Now the rest of the story:

Last summer me and my partner coded her husband who Overdosed. Woman was there that night doped out of her head with daughter standing there watching. she had just won custody back then for her daughter...she still had not got her son back. 
 This time she had came in at midnight after grandpa had put the kid to bed. she got this girl up in middle of night and put her in the car so doped up she thought she had her little boy. she didnt even dress her...the little girl only had on her panties.  she had the booster seat in the  front passenger seat and did not buckle her up either. 


End Result of this family:

Father Dead - overdose
4 year old Daughter Dead - due to mother's drug problem.
Mother - probably going to jail for killing daughter
10 year old son- Has to live with this mess.
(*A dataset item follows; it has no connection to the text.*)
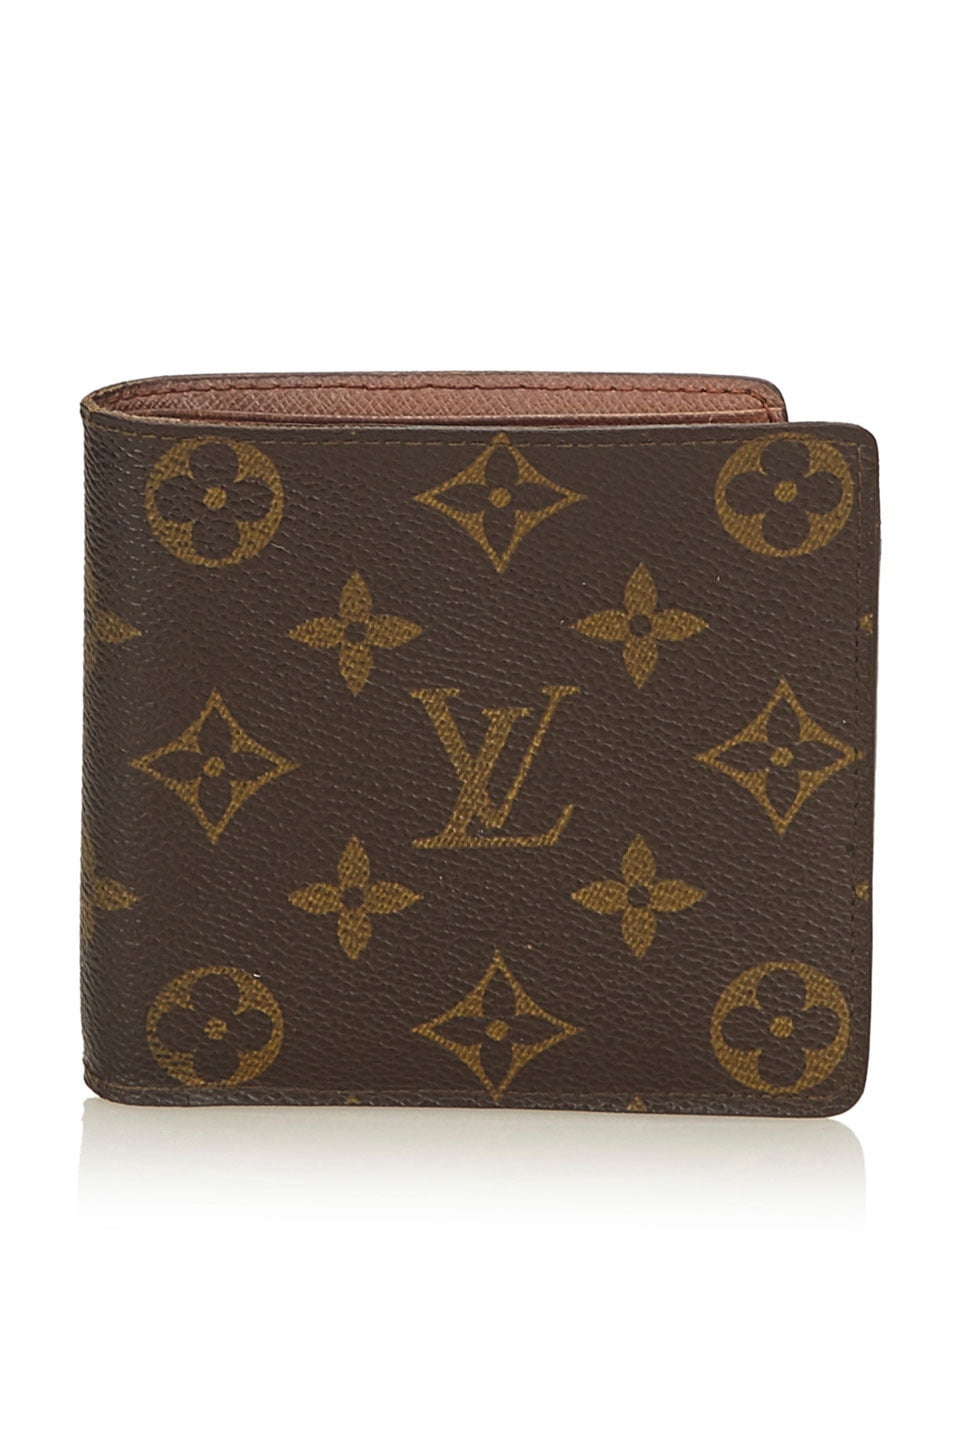 Louis Vuitton Monogram Porte Papier Vintage Wallet  Labellov  Buy and  Sell Authentic Luxury

FOR THOSE THAT SAY DRUG USE DONT HURT ANYONE....WISH THEY COULD SEE WHAT WE SEE.


----------



## Chimpie (Apr 22, 2006)

:sad:  don't know what else to say


----------



## fm_emt (Apr 22, 2006)

*ugh*

That's an awful story. Sucks that the kid that had nothing to do with the situation paid for mom's stupidity. :-|

Side question, maybe for everyone: Do you think that writing it up (as many of us do) is helpful? I've found that simply writing up the story is quite therapeutic. Kind of a 'memory dump' of sorts. With stressful stuff, it's always helped me to type a bit about it as a way to process the information.


----------



## Chimpie (Apr 22, 2006)

Absolutely.  That's one of the great things about this forum.  We all have those "bad days" and sometimes it's easier to write it all out than talk with our partners or bosses.


----------



## JJR512 (Apr 23, 2006)

This is one of the very few things that pisses me off to an extreme level.

I vote the mother should be executed.

Oh, but then we're separating a mother and son--GOOD. Regardless of what ends up happening to the mother, the son should be taken away and the mother absolutely has no rights to him at all whatsover, period. She's already caused the death of one of her children, there should be no second chances.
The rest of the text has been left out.